Hi, I know a lot of you are good with gardening and I need your help. I am planning to grow some sunflowers in my apartment. I have done a lot of searching but seems like everyone is saying something different. First of all, what kind of lighting do I need? Will a 30W spiral CF in this be sufficient? Second, what kind of soil should I use? I went to home depot today and I was confused by all those different selections. Thanks in advance!


----------



## Tex Gal (Nov 1, 2007)

All the sunflowers I have seen get quite large. Is there a small variety that you are considering. I'm not sure it's possible indoors. Here's a link...
http://www.thriftyfun.com/tf18866289.tip.html


----------



## modster (Jun 16, 2007)

The ones that i want is only about 2 feet tall. I think it's manageable.


----------



## cs_gardener (Apr 28, 2006)

Are you starting the sunflowers from seeds or getting plant starts? If you start them from seed I'd recommend getting a soil-less seed starter like Miracle Gro Seed Starting Material. I grow my tomato plants from seeds and I've never had good luck with peat plugs or regular soil as a starting medium, I ended up with a lot of rotten stems and dead plants. 

Once the starts get big enough you can transplant them to larger pots with any good, balanced soil. The first time I increase the pot size for my tomatoes I usually use a good quality houseplant soil (the brand doesn't matter). If they need to be re-potted again before being planted outside I use garden soil to fill the larger pot, you'll probably want to stick with a potting soil for your plants since they'll remain in pots.

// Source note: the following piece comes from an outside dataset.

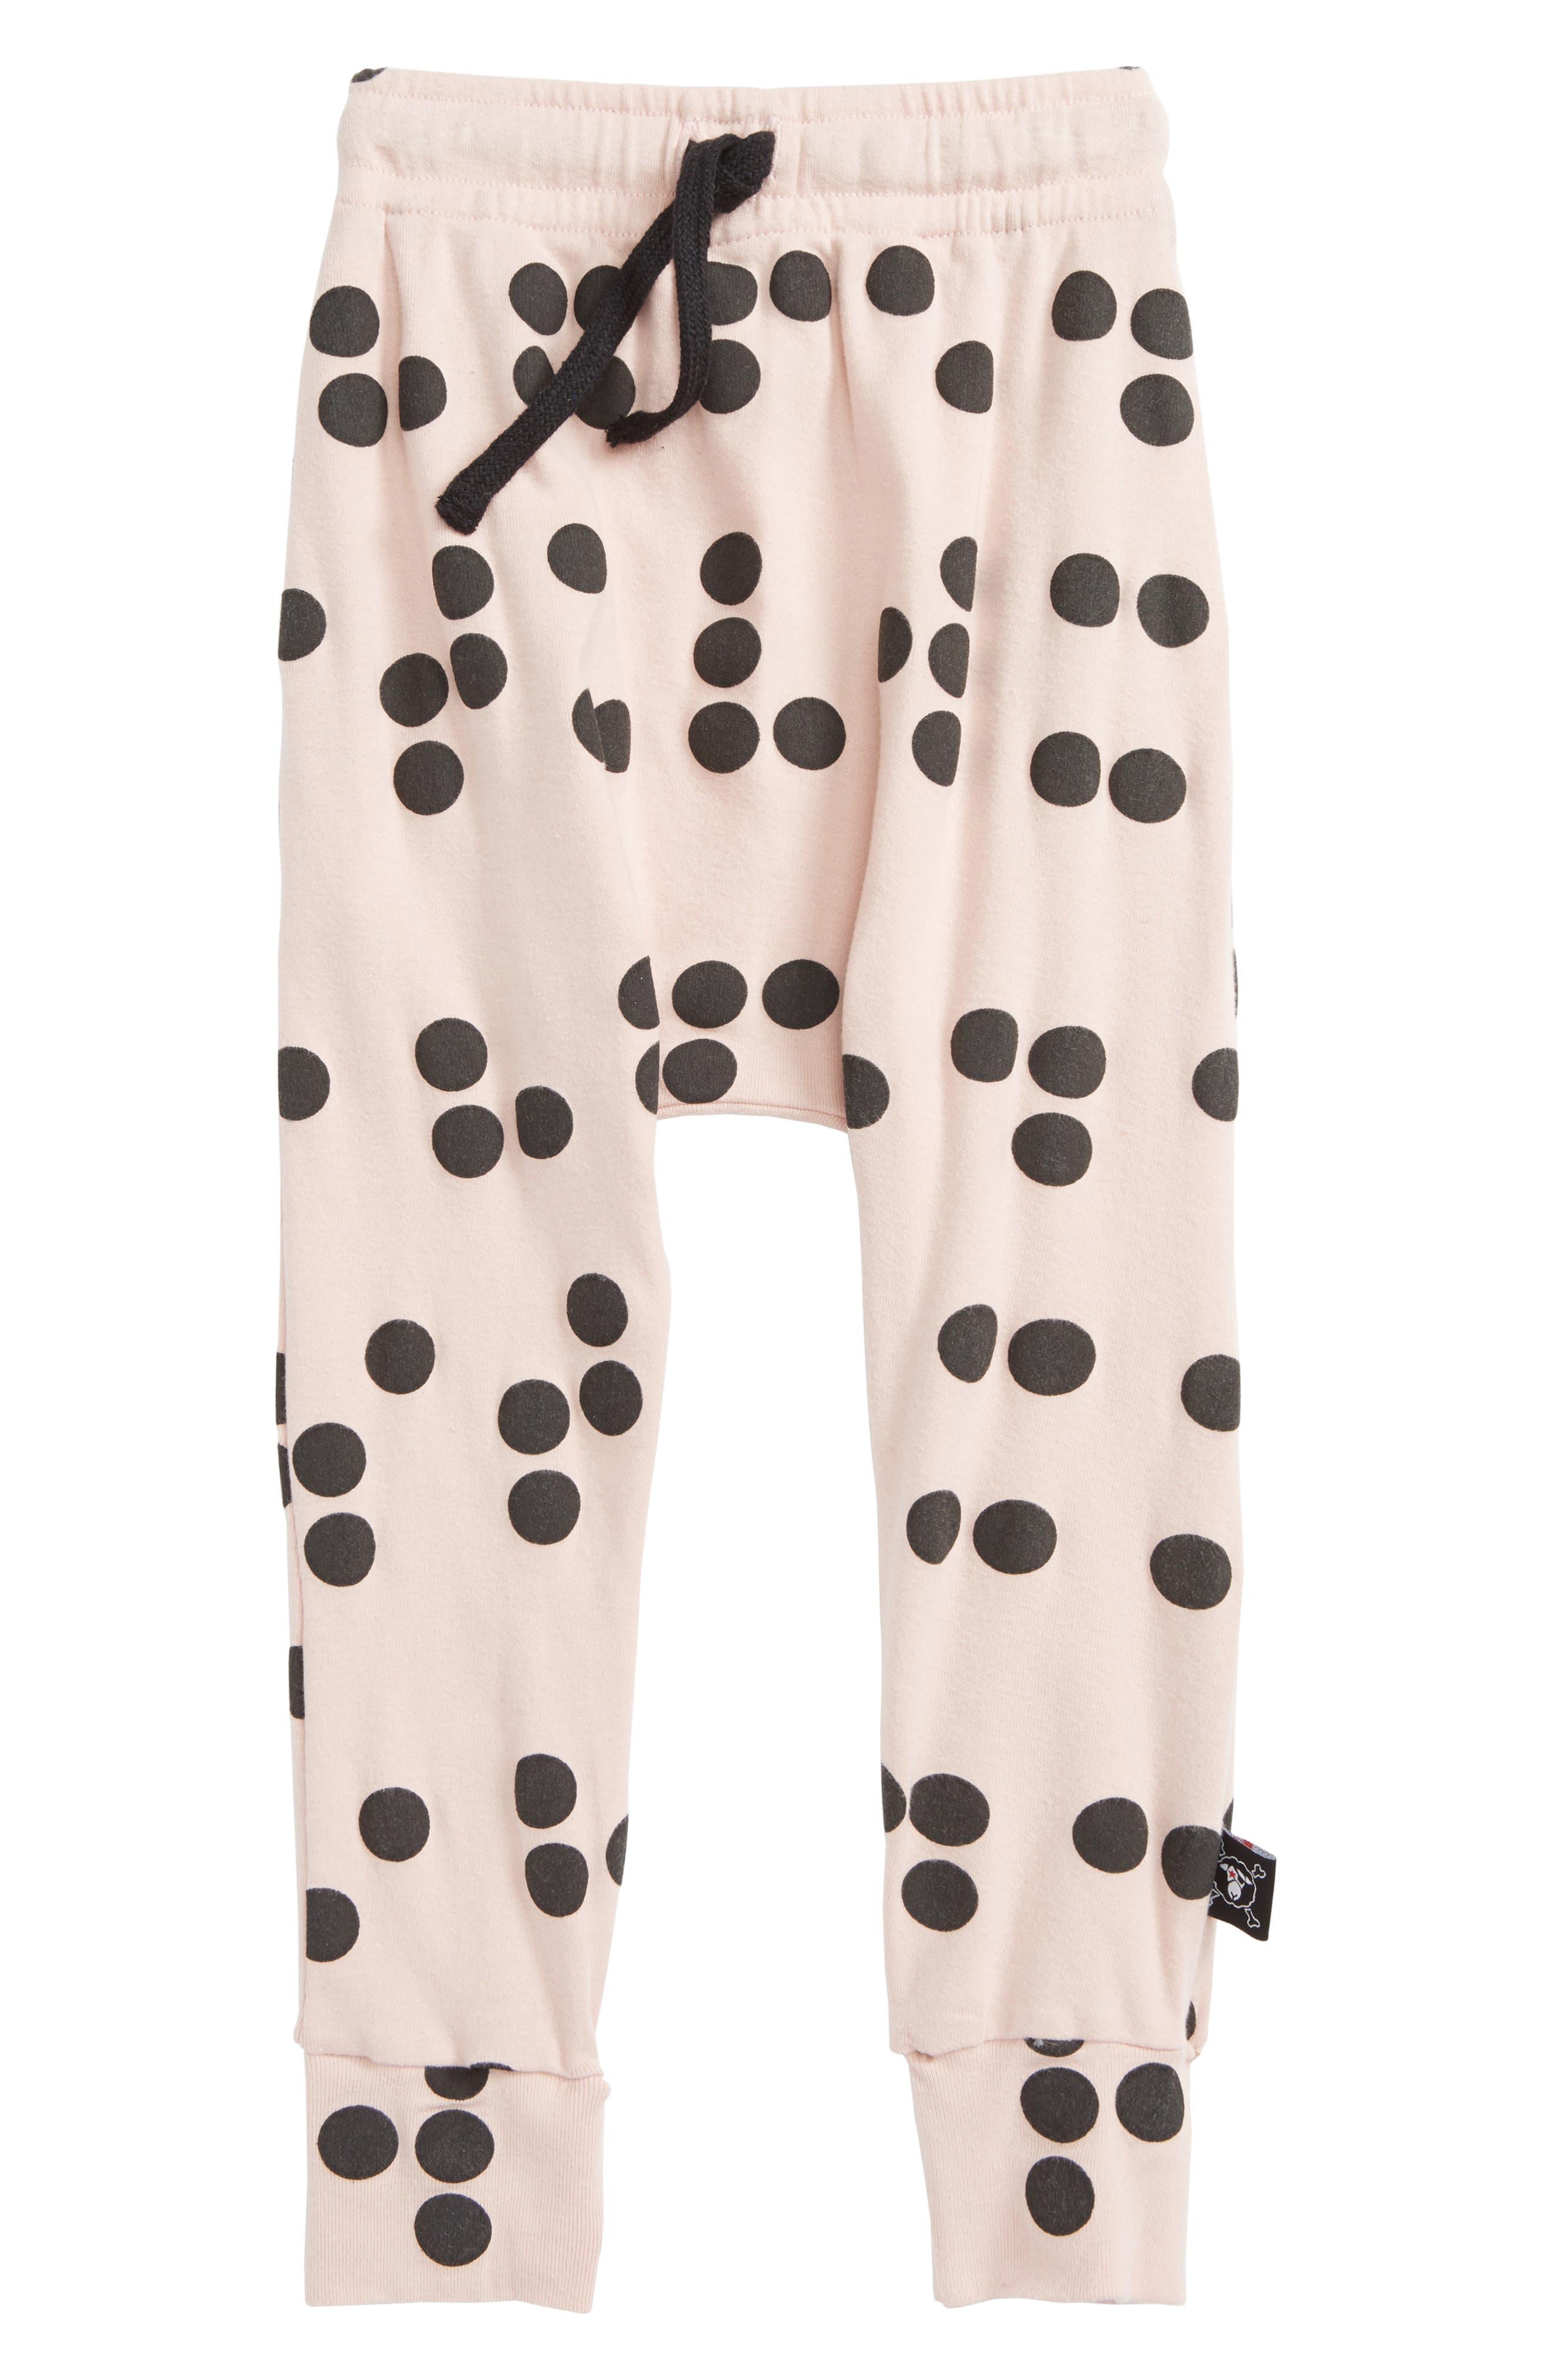 Braille Baggy Pants,                             Main thumbnail 1, color,                             Powder Pink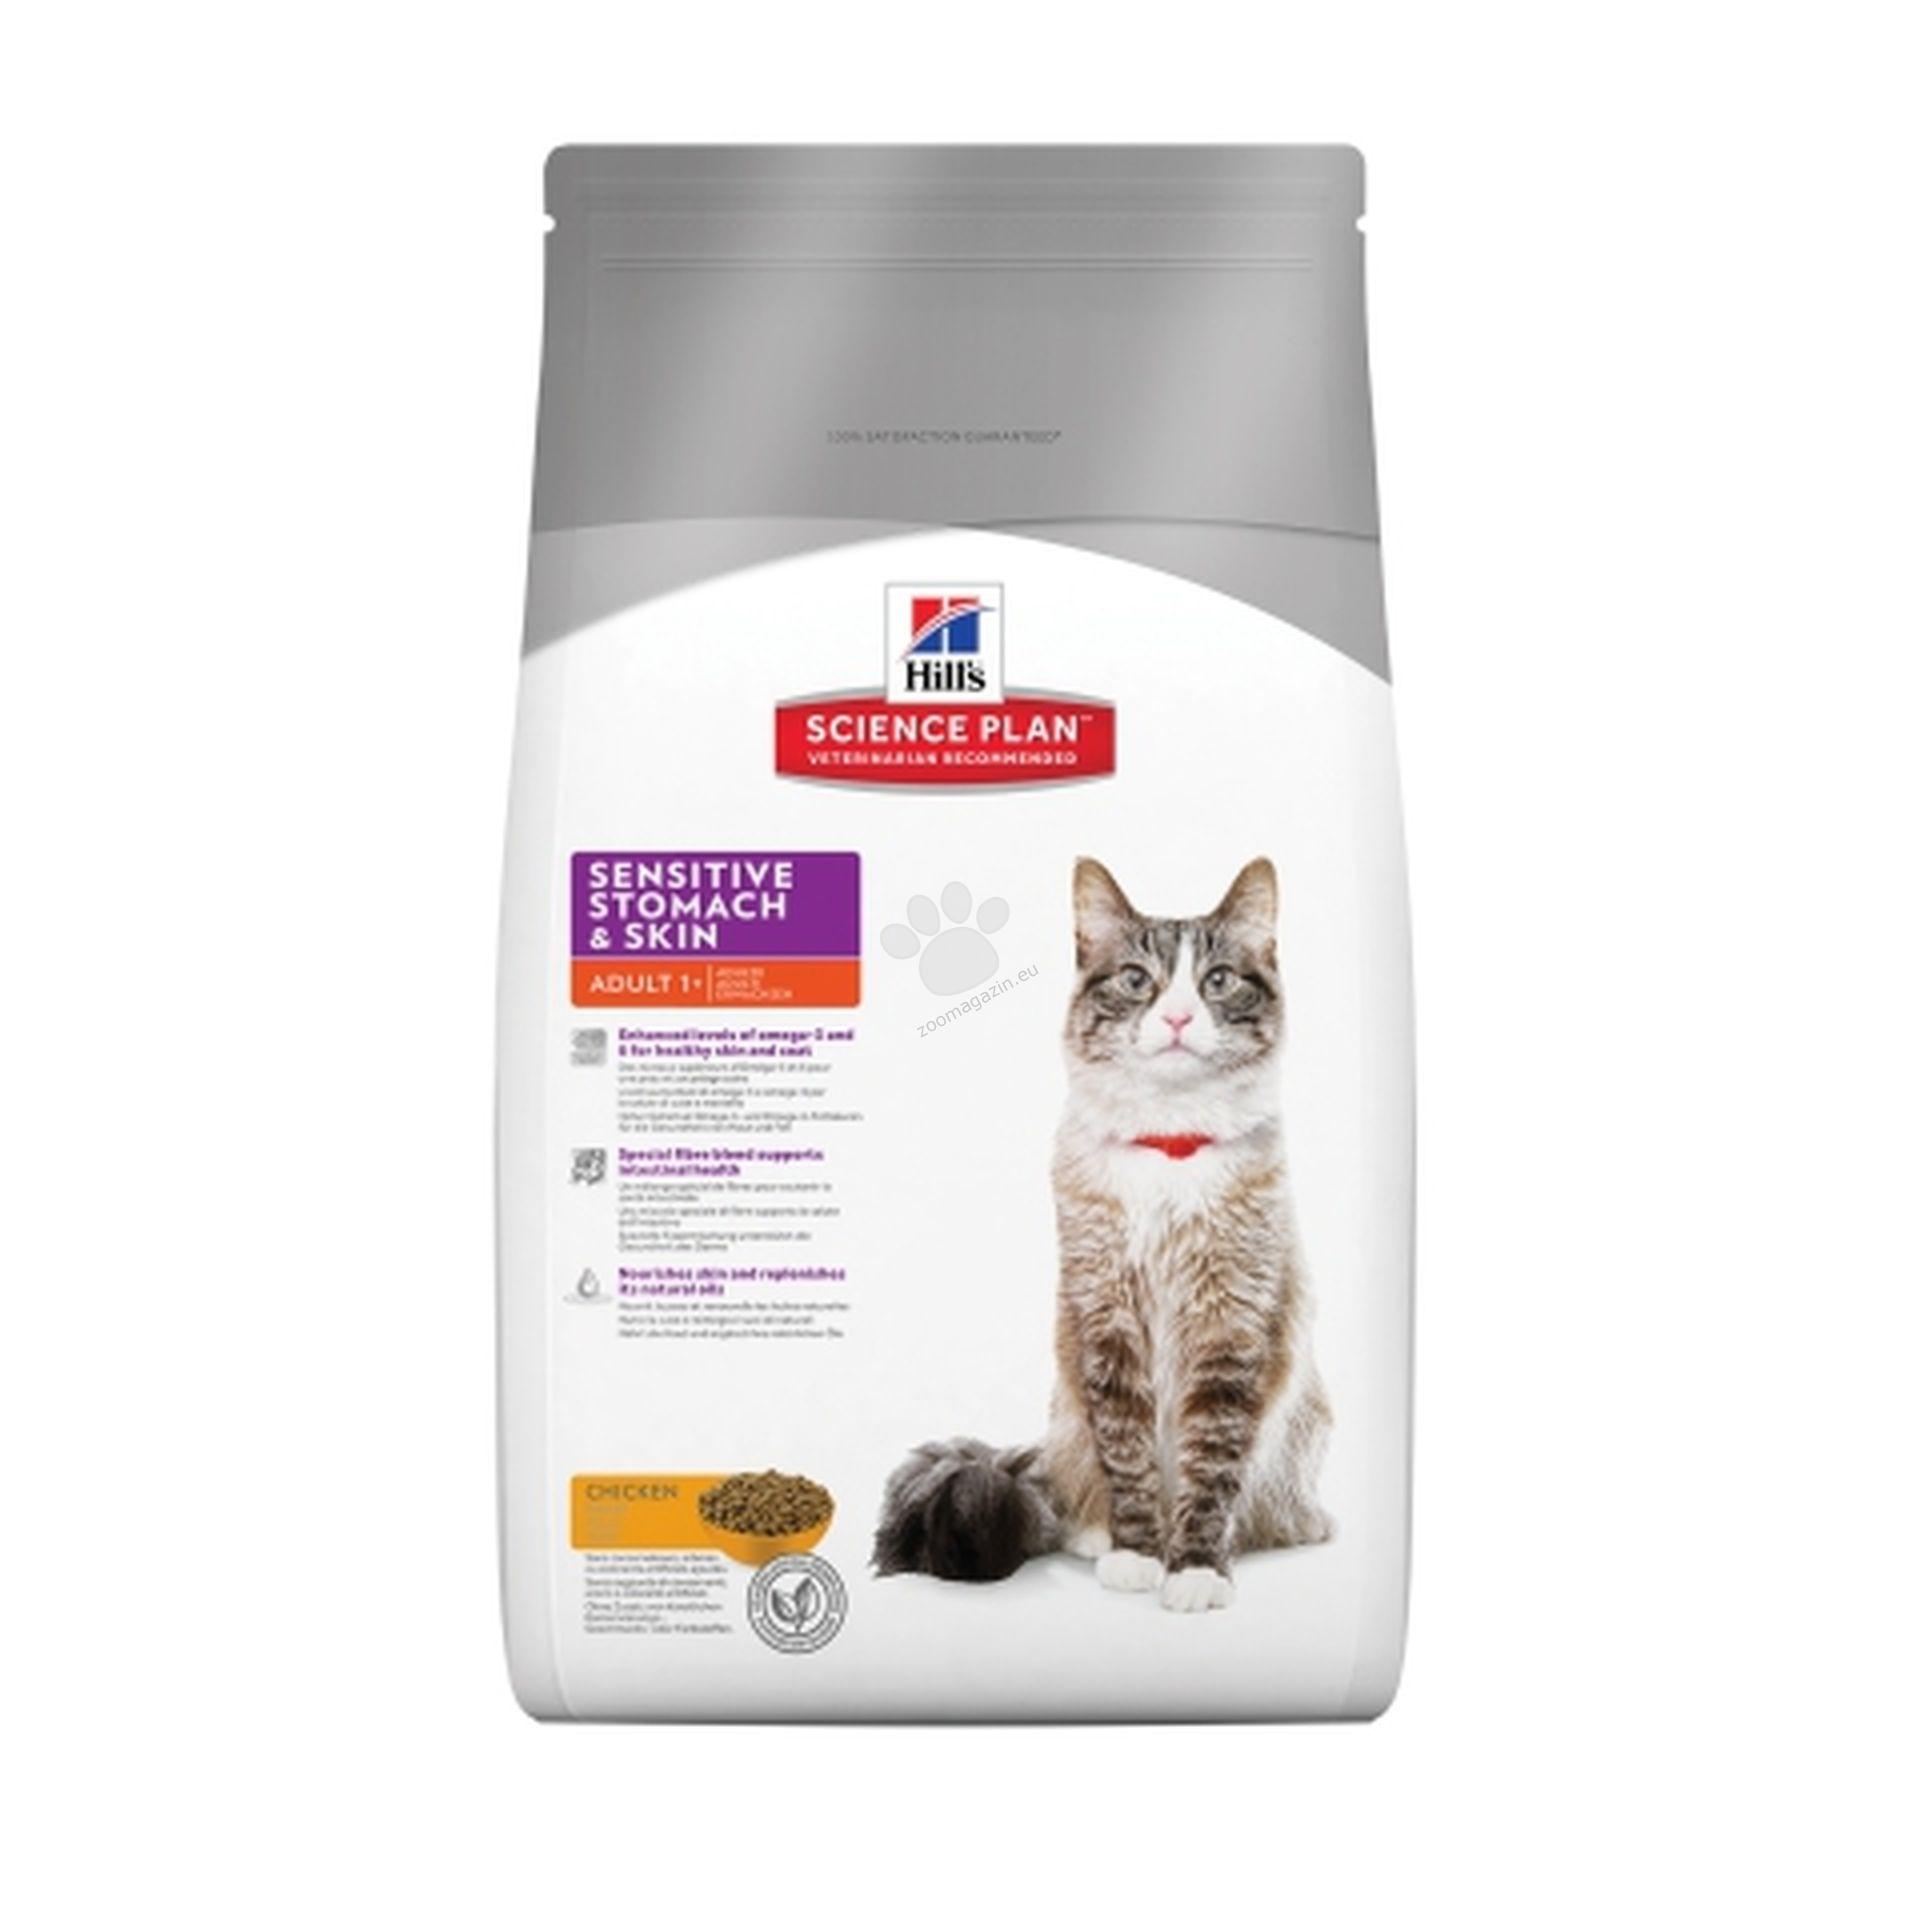 Science Plan Feline Sterilised Cat Adult Chicken - с пилешко месо - За млади кастрирани котки от 6 месеца до 6 години 8 кг. + ПОДАРЪК: 2 кутии x 12 пауча Sterilised FAVOURITE SELECTION

I use a mix of lights to grow my starts, mostly regular fluorescent fixtures that came free with tanks I've purchased.  While the light wan't strong enough for my underwater plants, it's perfect for starting tomatoes. Do make sure you have enough space between each plant. If they're too close together they'll end up a lot taller and weaker than they should be. Any chance of supplementing your bulb with some sunlight? I've found it helpful in keeping the plants shorter and healthier.


----------



## marrow (Mar 4, 2007)

Even at dwarf variety at two feet, needs a tremendous amount of light. There are lights designed for growing these high light sort of plants such as sunflowers, corn etc. inside. You may want to visit your local hydroponics store. Sunflowers can grow in virtually any soil, just make sure it drains well and give it lots of nitrogen. Just treat it like corn.


----------



## HeyPK (Jan 23, 2004)

I would say, 1000 foot candles intensity, minimum. You will probably have to have your central heating and cooling system fan on all the time just to keep the heat from building up in the room.


----------